■ **Required action**
Copy the listing exactly, please, and keep every picture out of it.

■ **Input data**
··········

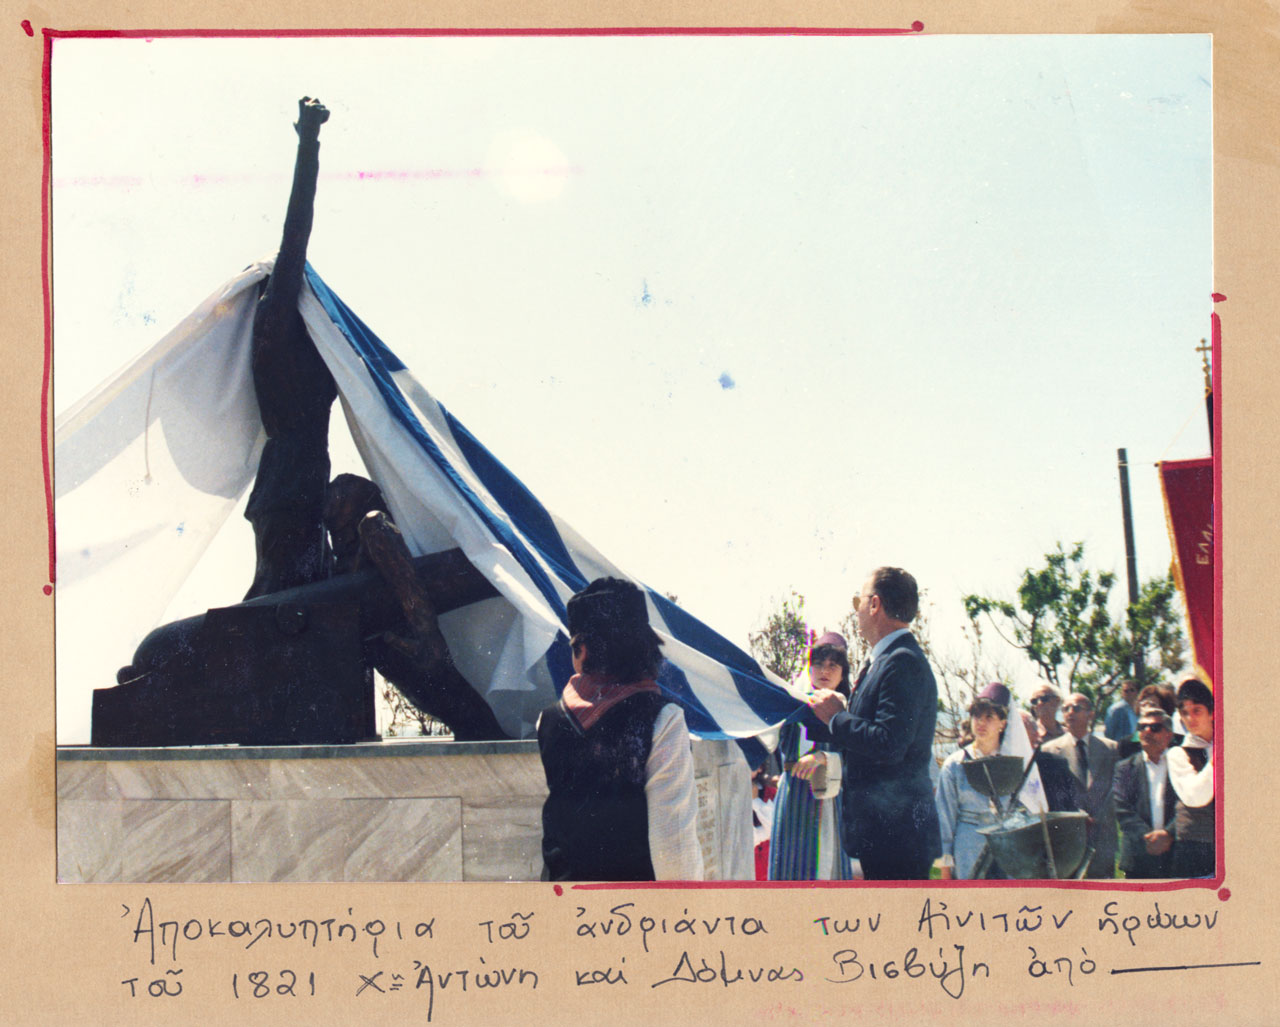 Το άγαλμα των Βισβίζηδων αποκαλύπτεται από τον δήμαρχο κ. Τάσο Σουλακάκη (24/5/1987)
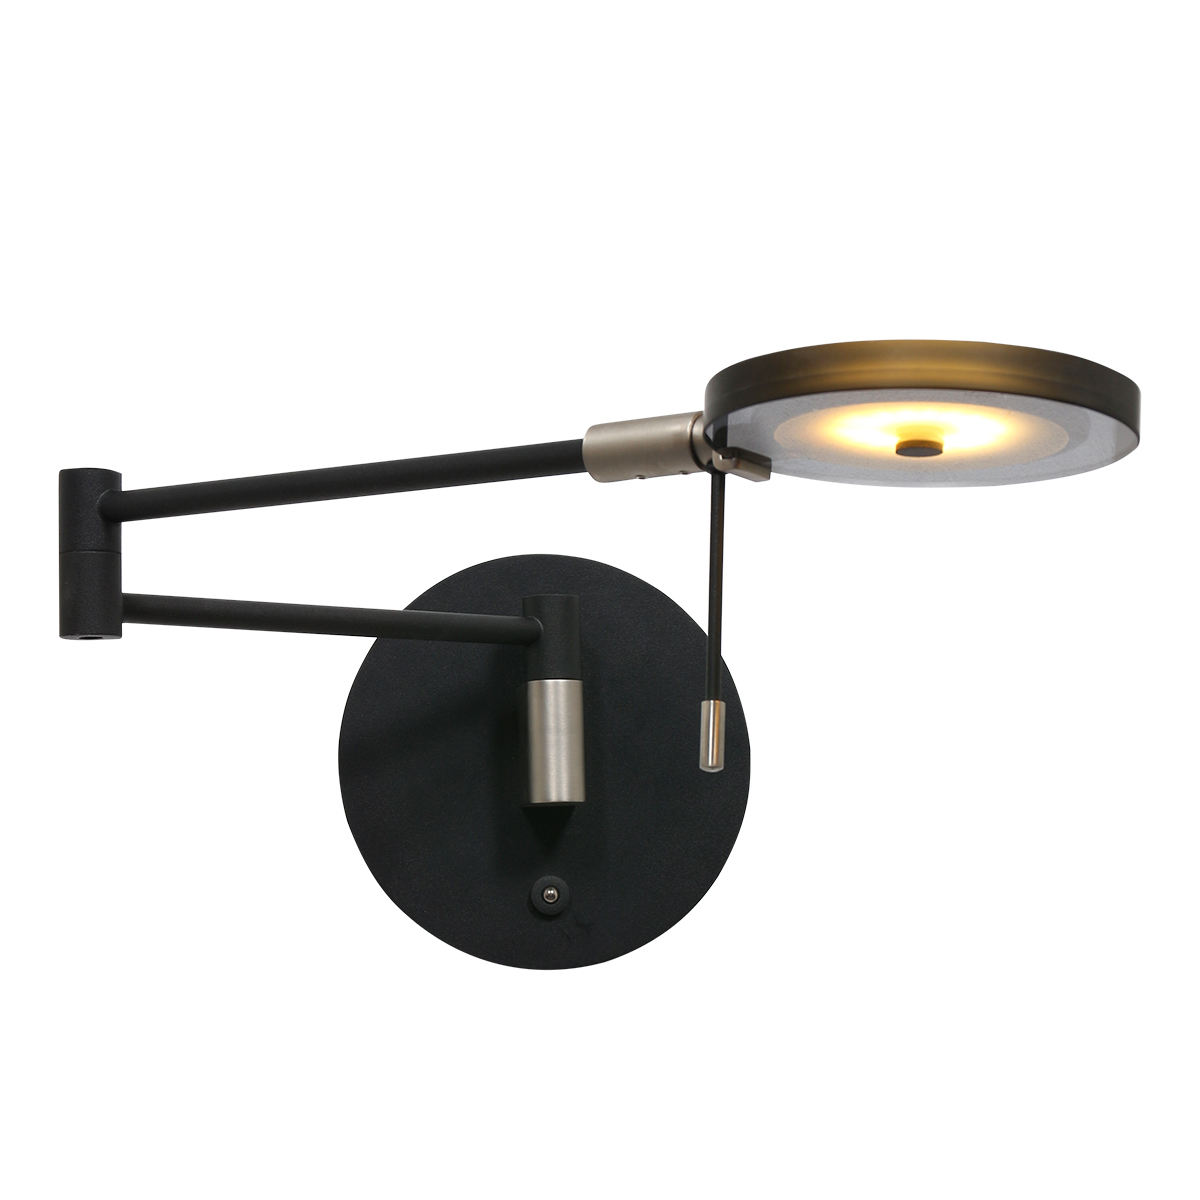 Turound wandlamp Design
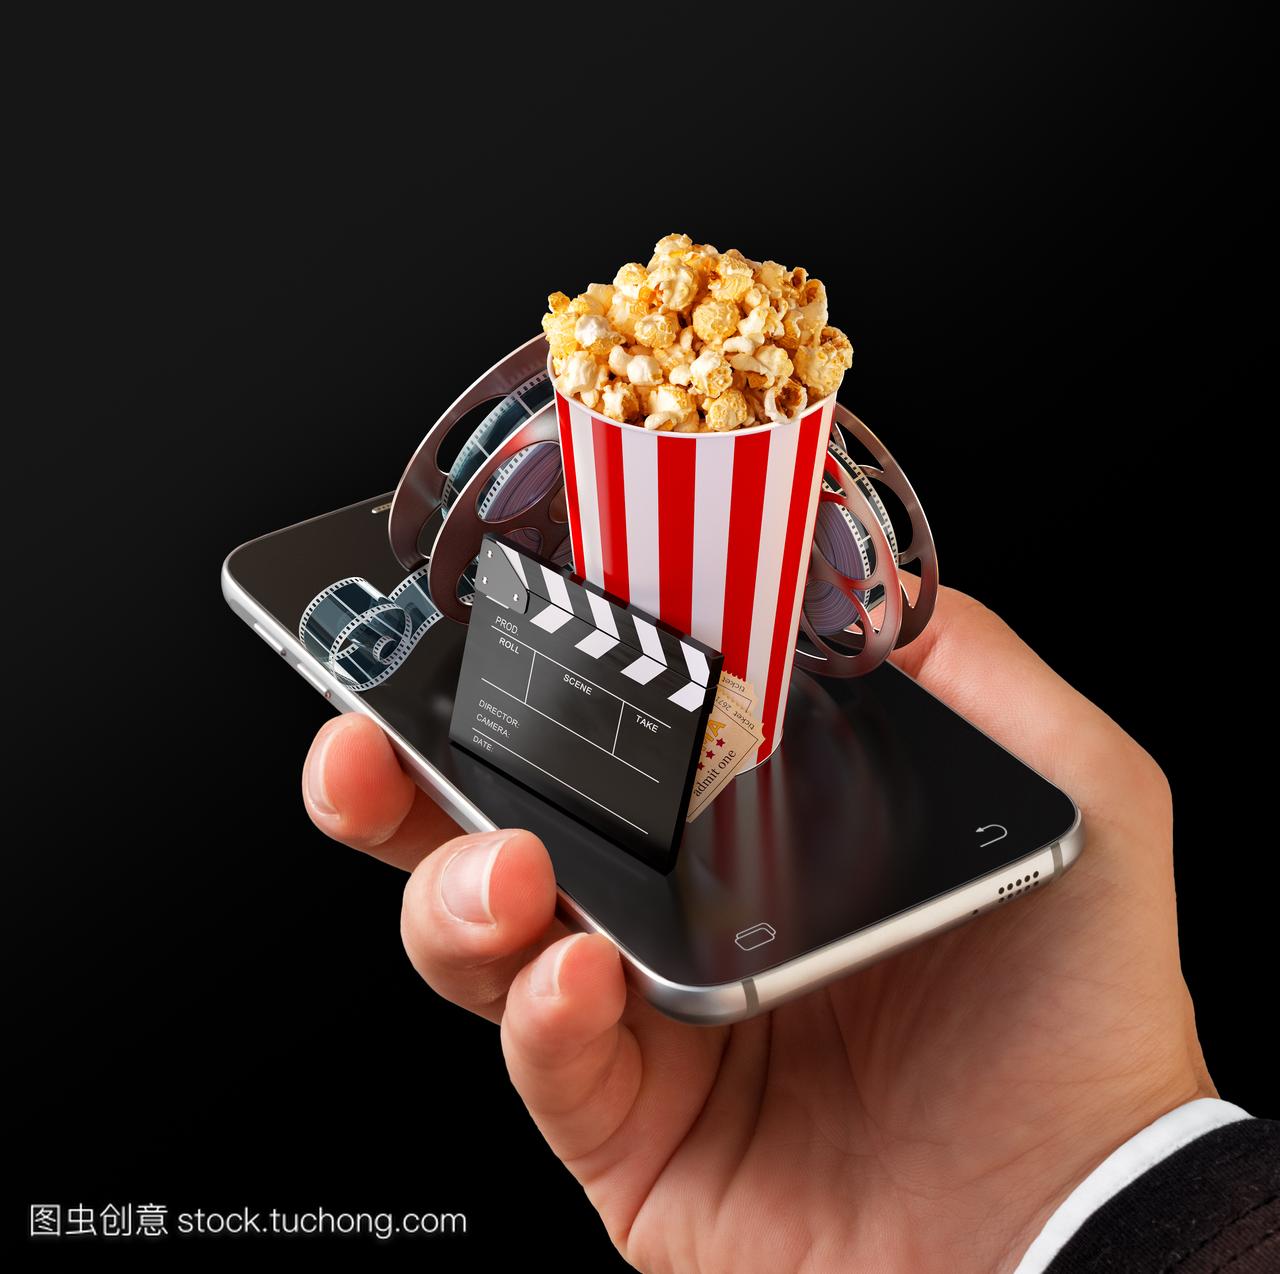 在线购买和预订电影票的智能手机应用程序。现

··········

■ **Task answer**
 Το άγαλμα των Βισβίζηδων αποκαλύπτεται από τον δήμαρχο κ. Τάσο Σουλακάκη (24/5/1987)
 Turound wandlamp Design
 在线购买和预订电影票的智能手机应用程序。现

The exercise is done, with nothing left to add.